→ EXERCISE DESCRIPTION
In the copy, keep every word of the data below and none of its pictures.
-- DATA SECTION follows --
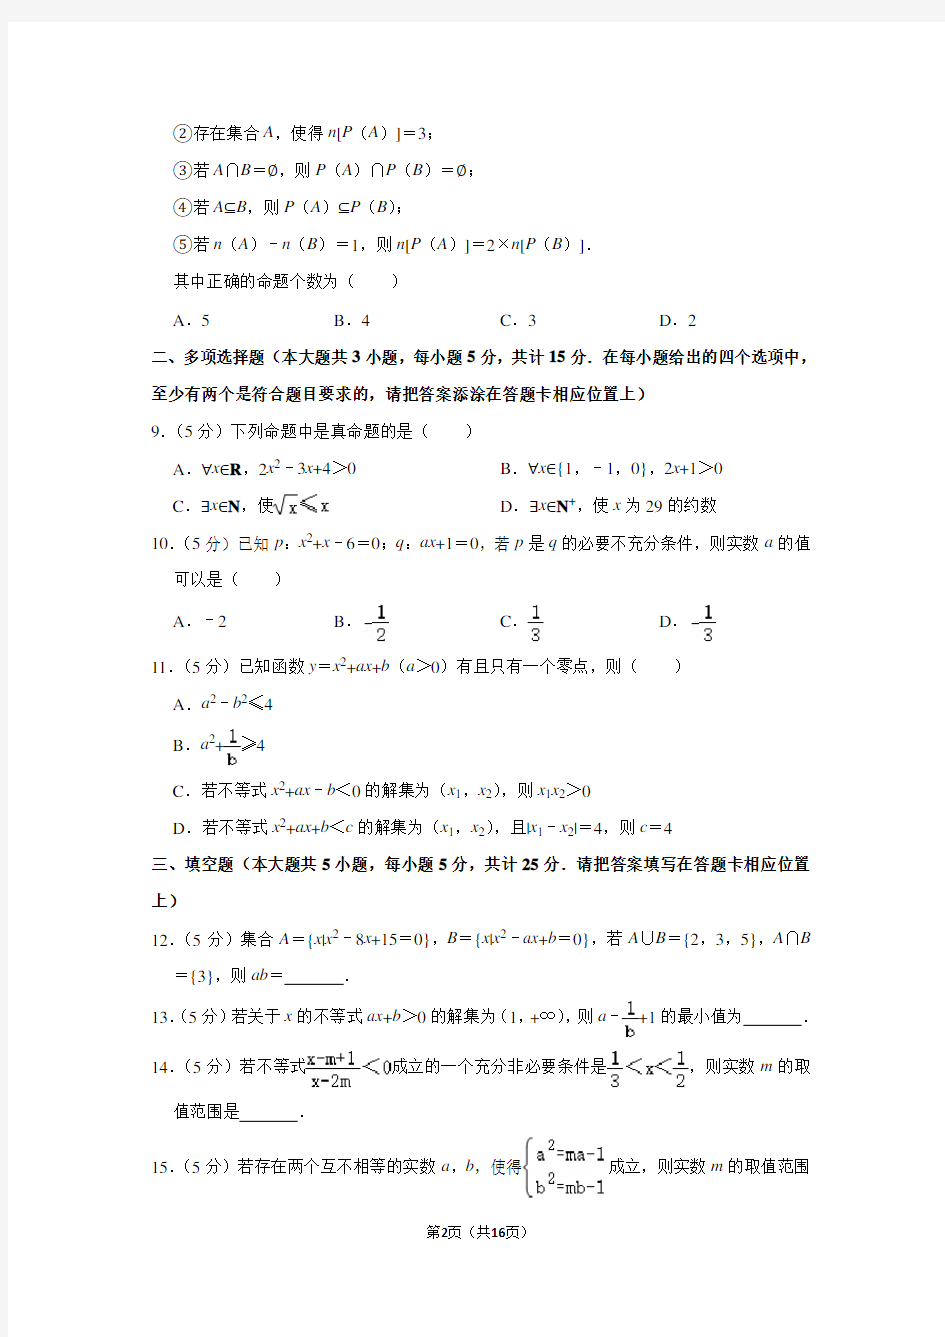 2020-2021学年江苏省南京市金陵中学高一(上)第一次月考数学试卷(10月份)及答案
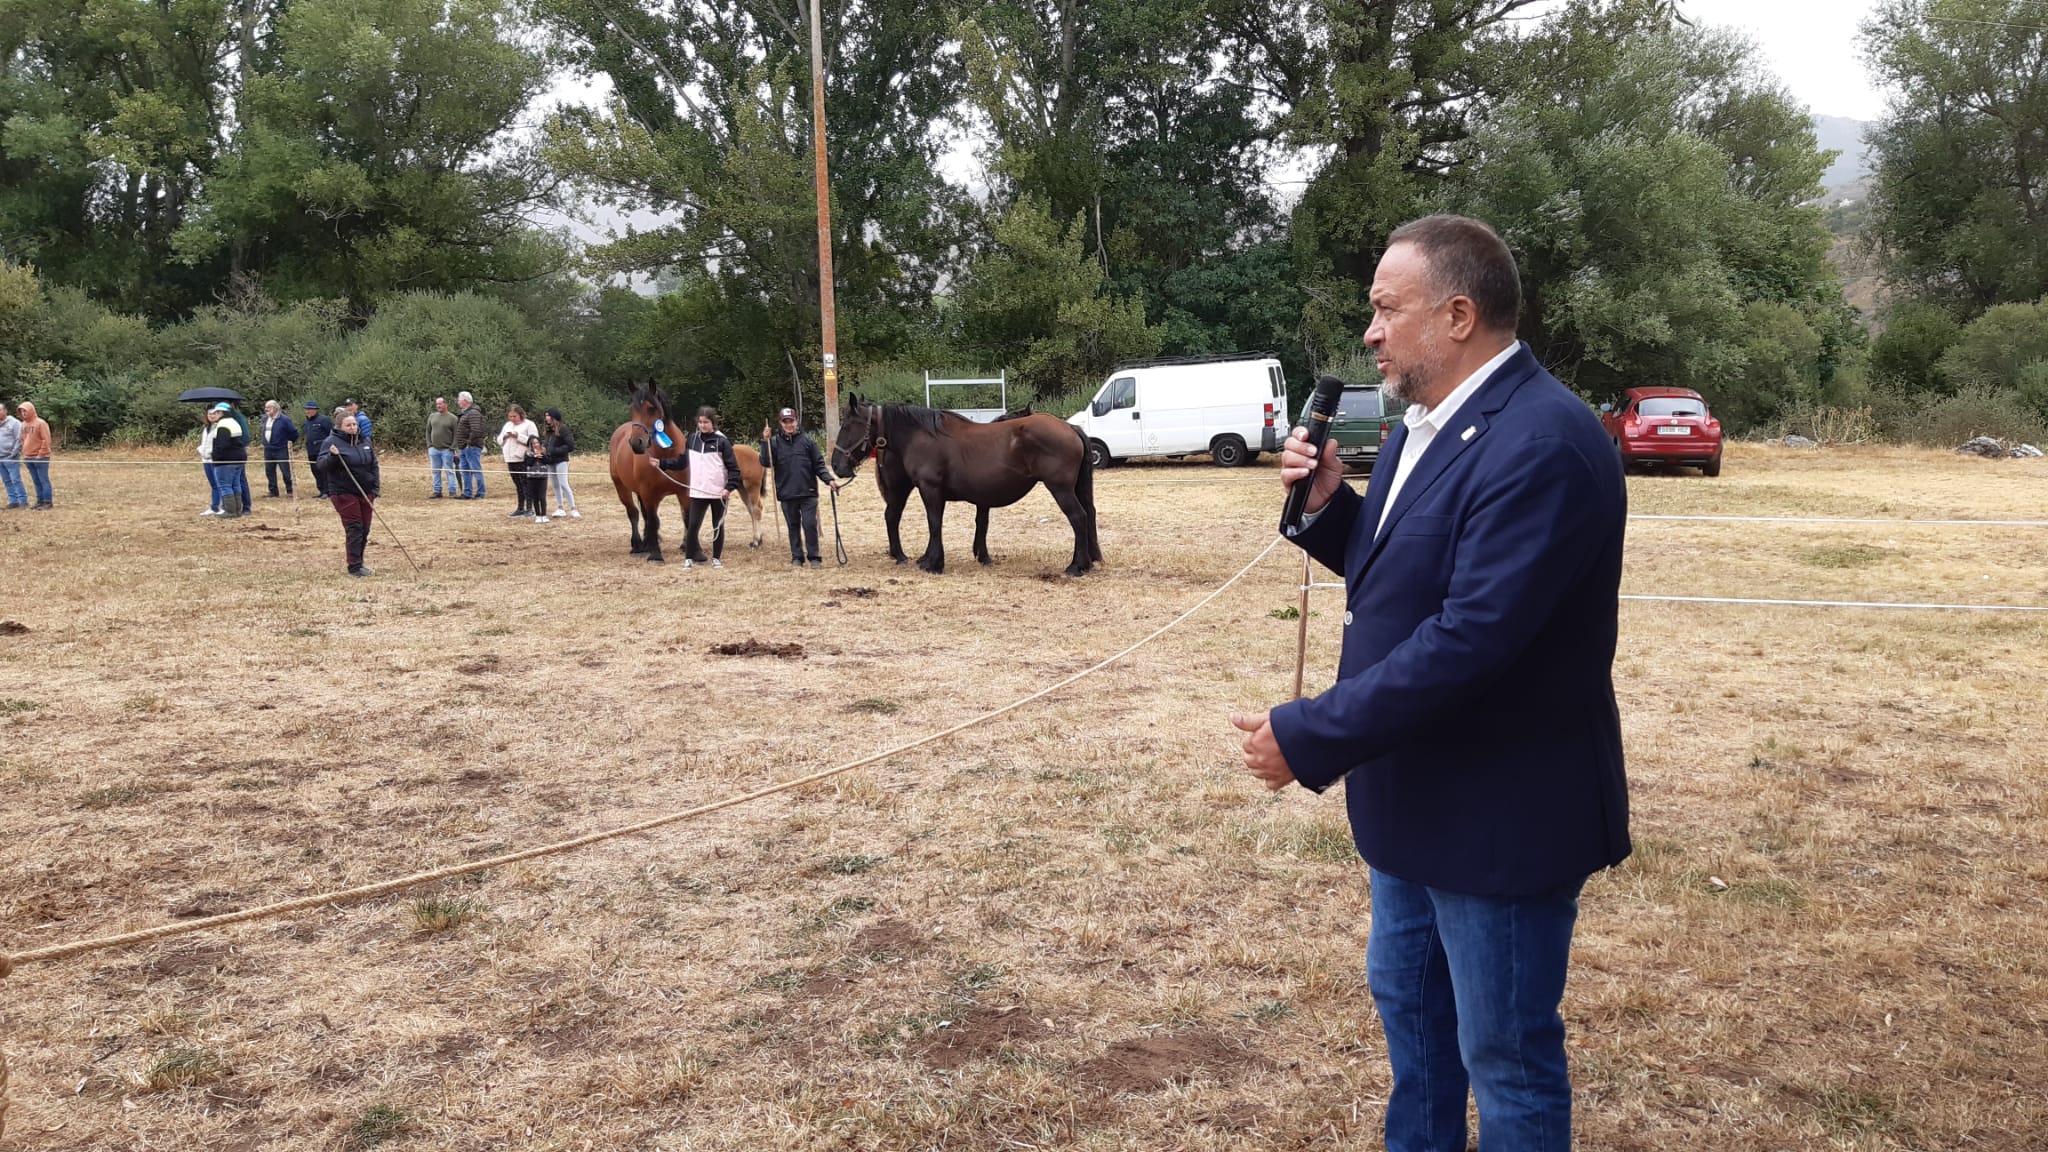 El presidente de la Diputación, Álvarez Courel, en su visita al reputado evento equino de San Emiliano en Babia. | LNC
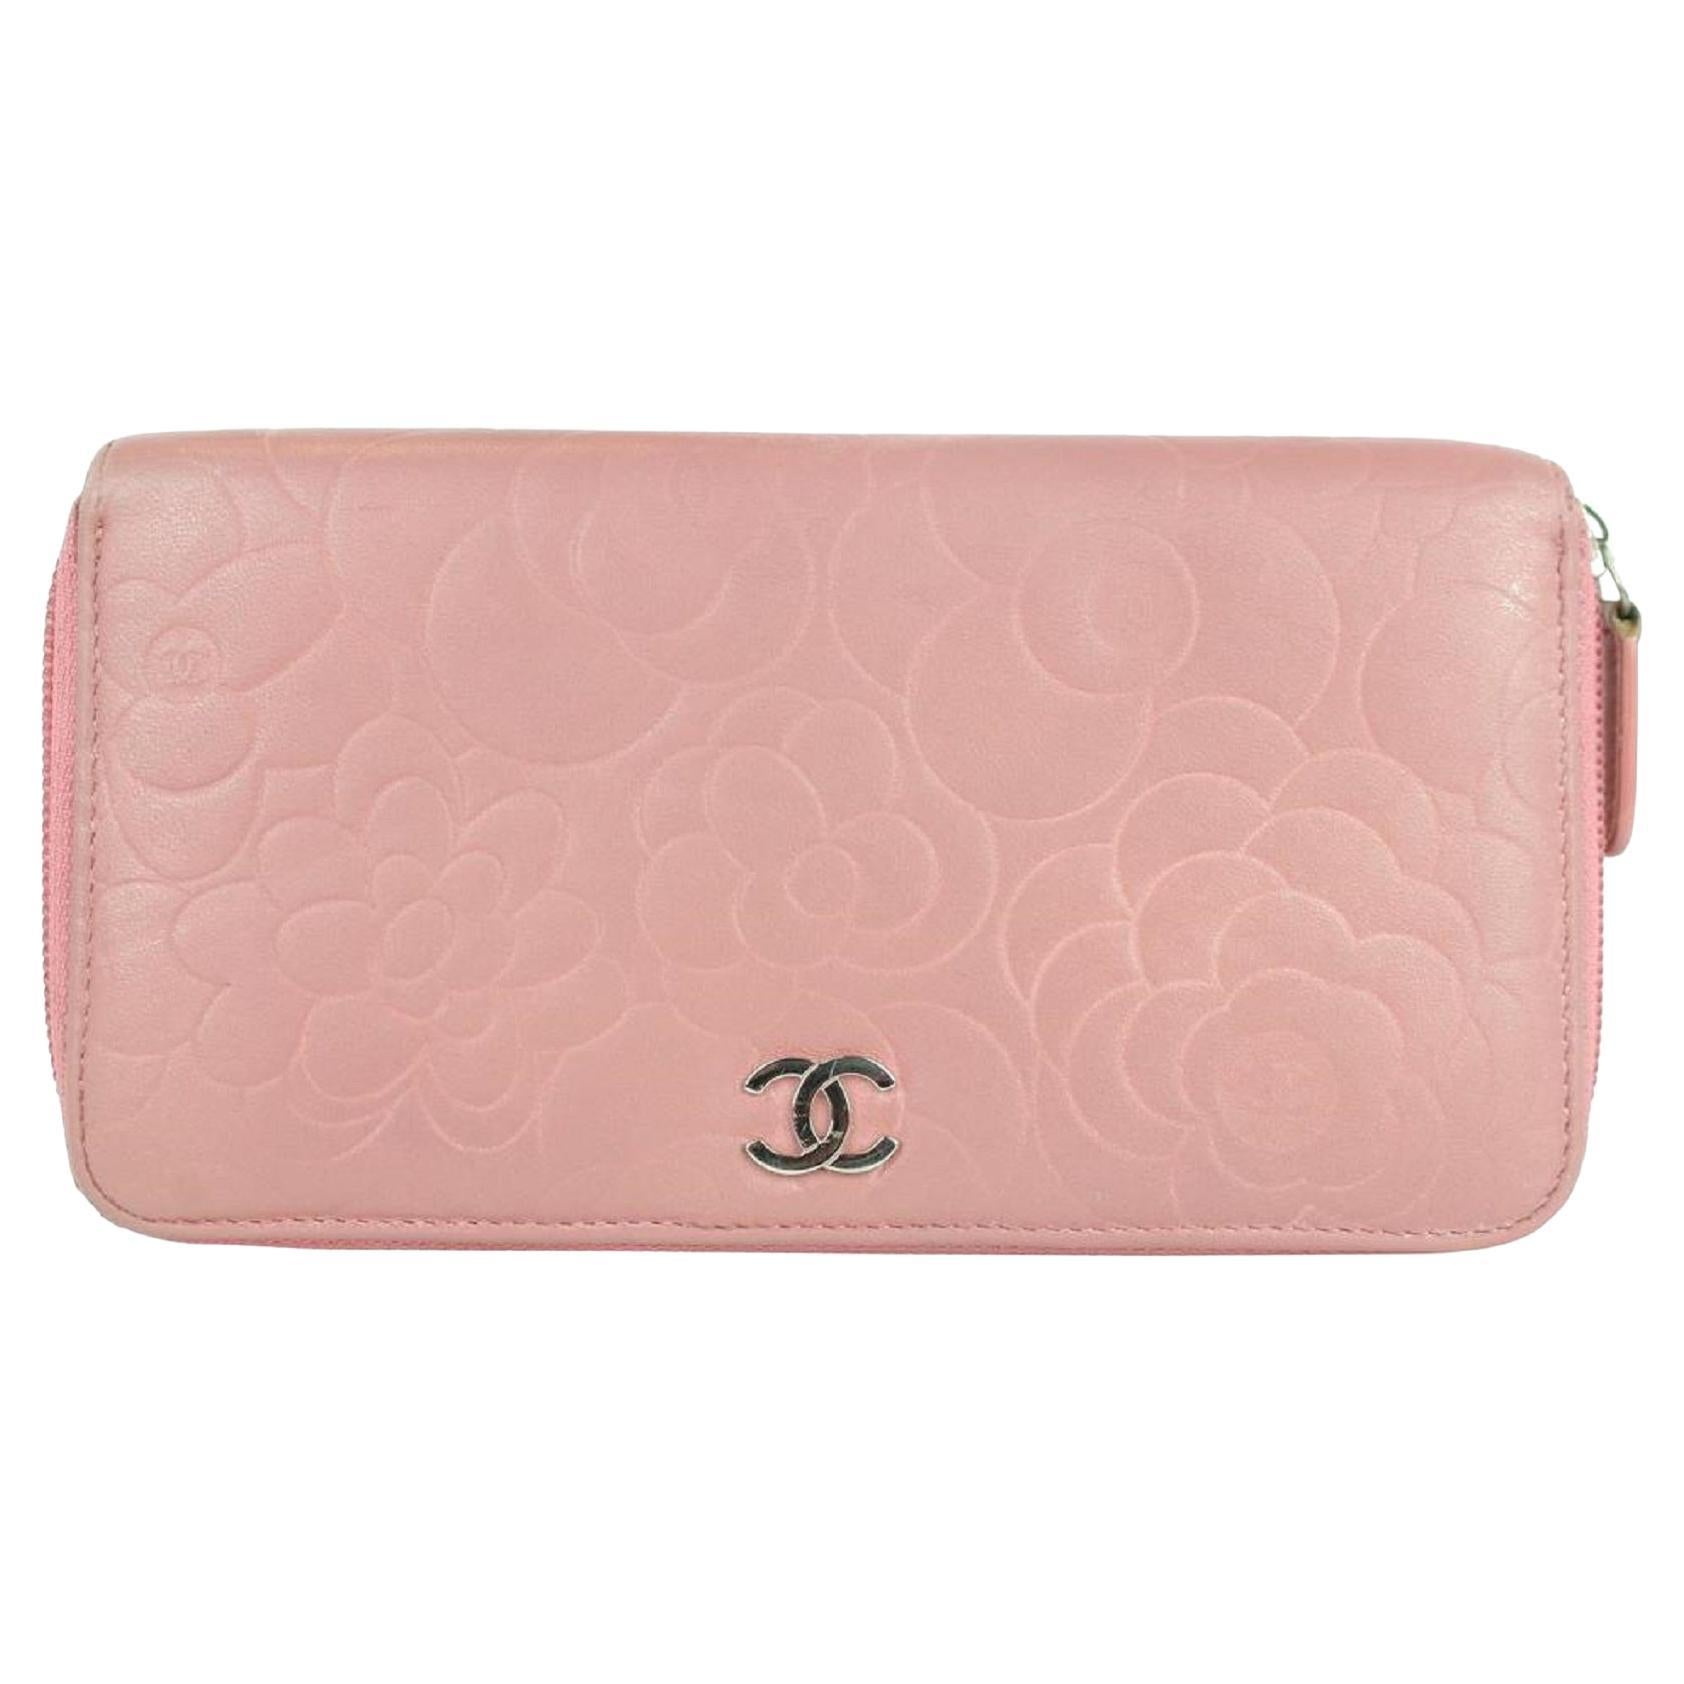 Pink Vintage Chanel Wallet - 2 For Sale on 1stDibs
-- DATA SECTION concluded --
→ WRITTEN ANSWER
 2020-2021学年江苏省南京市金陵中学高一(上)第一次月考数学试卷(10月份)及答案
 El presidente de la Diputación, Álvarez Courel, en su visita al reputado evento equino de San Emiliano en Babia. | LNC
 Pink Vintage Chanel Wallet - 2 For Sale on 1stDibs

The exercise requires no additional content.